La première expérience de Sundance #

À cette époque, de nombreuses personnes avaient de l’argent et des idées de films. Je ne sais pas s’ils étaient des radicaux, mais ils venaient certainement des années 60 et avaient des choses à dire. La conclusion a été qu’il y avait énormément de gens qui voulaient réaliser ces films indépendants, mais qui ne savaient pas très bien comment les faire. [Redford] a décidé d’inviter des scénaristes. Il a reçu 100 scénarios et en a choisi 10 pour son nouveau laboratoire estival. Son idée était simple : « Nous inviterons tous mes amis de Los Angeles à venir, et nous amènerons les cinéastes ici pour leur apprendre à faire des films. »
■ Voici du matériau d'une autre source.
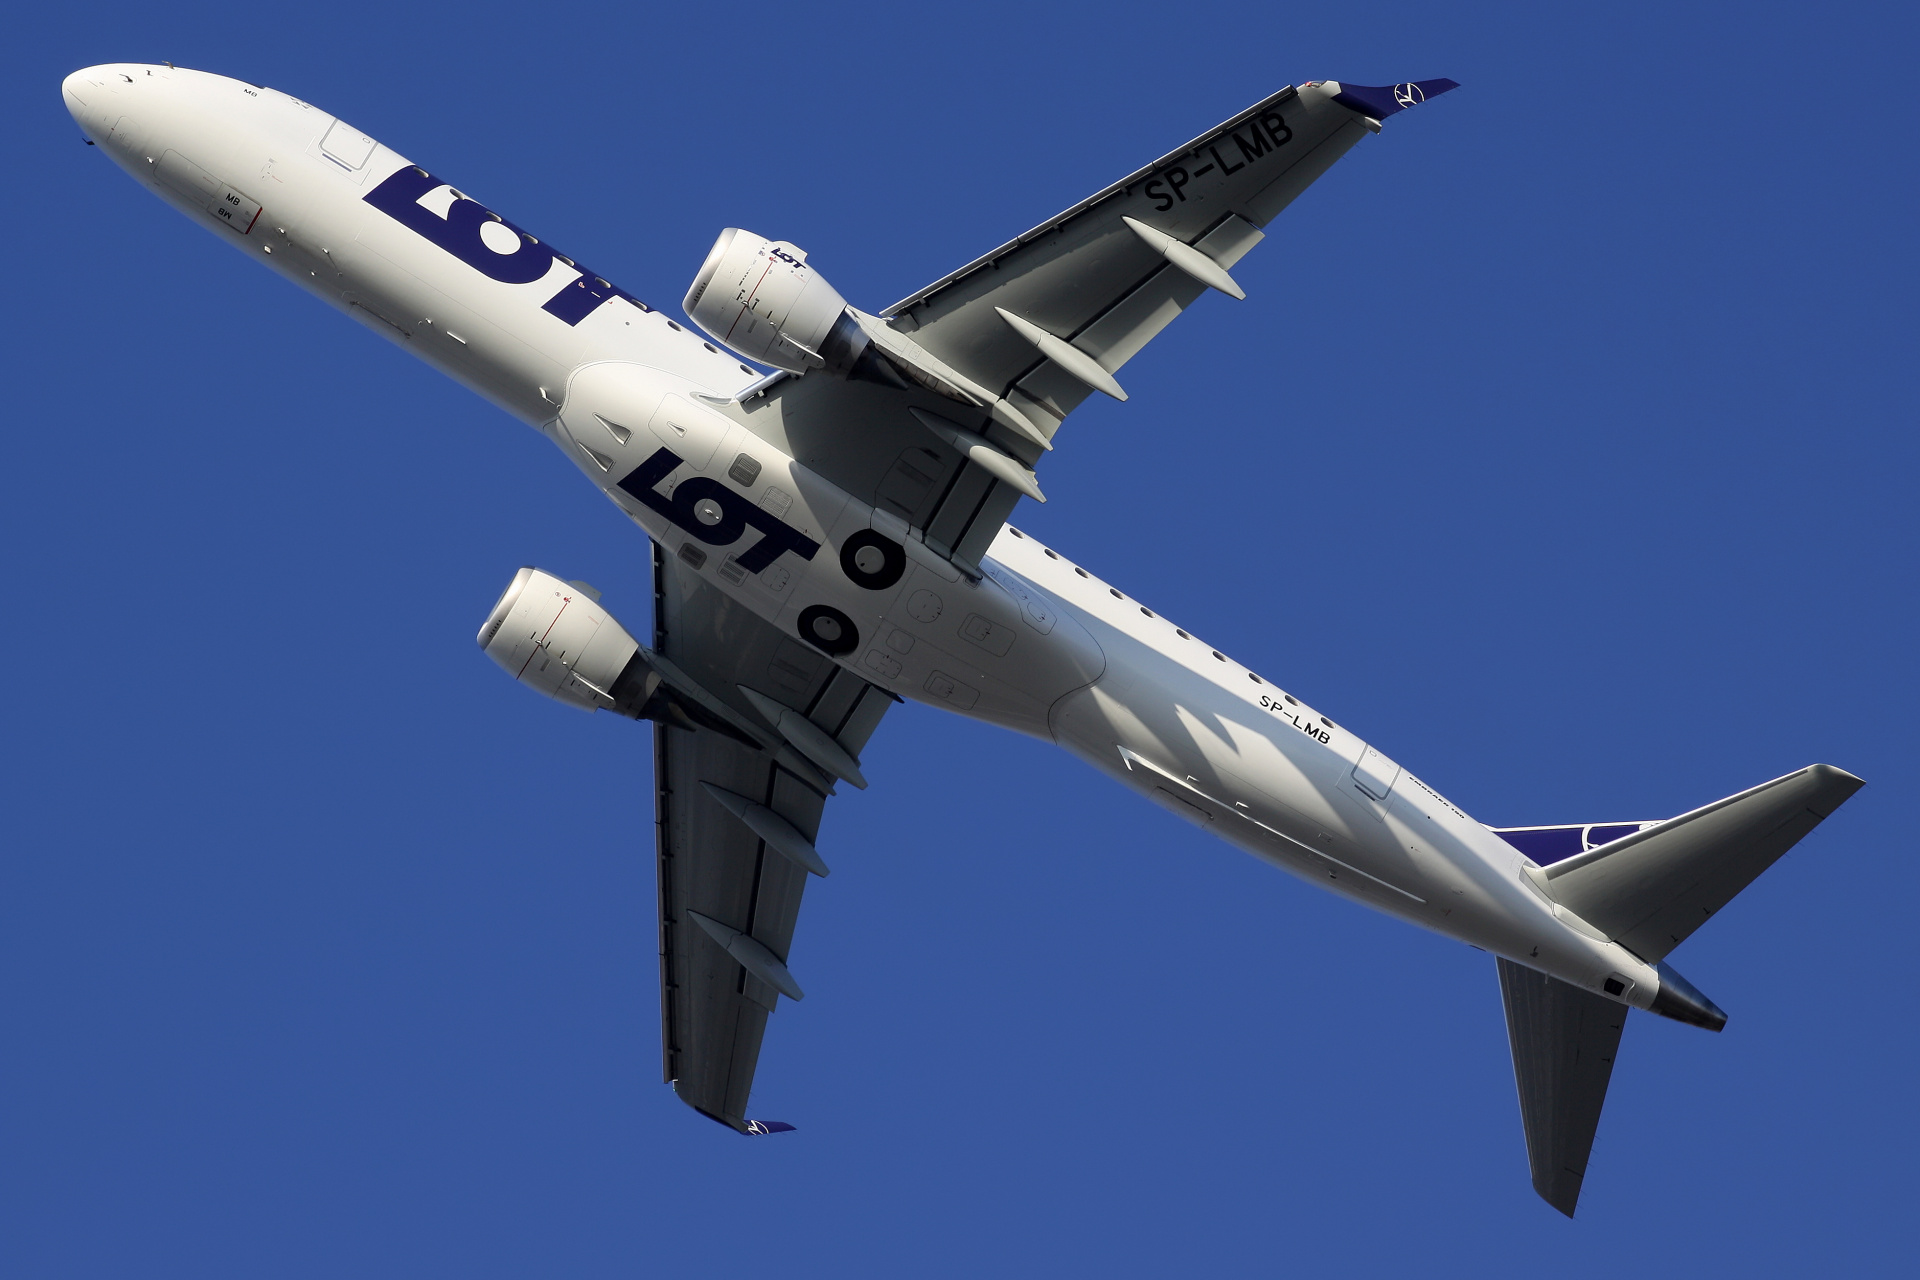 SP-LMB (Aircraft » EPWA Spotting » Embraer E190 » LOT Polish Airlines)

J’étais chez United Artists Classics et j’ai été invité en tant que personne à fournir des informations sur la distribution. Mon premier voyage là-bas était juste fou. Vous aviez Sydney Pollack enseignant comment diriger. Vous aviez László Kovács apprenant aux gens à faire de la cinématographie. Le producteur de The Last Waltz, Jonathan Taplin, était là. Cheech Marin aussi. C’était juste une collection étrange de personnages.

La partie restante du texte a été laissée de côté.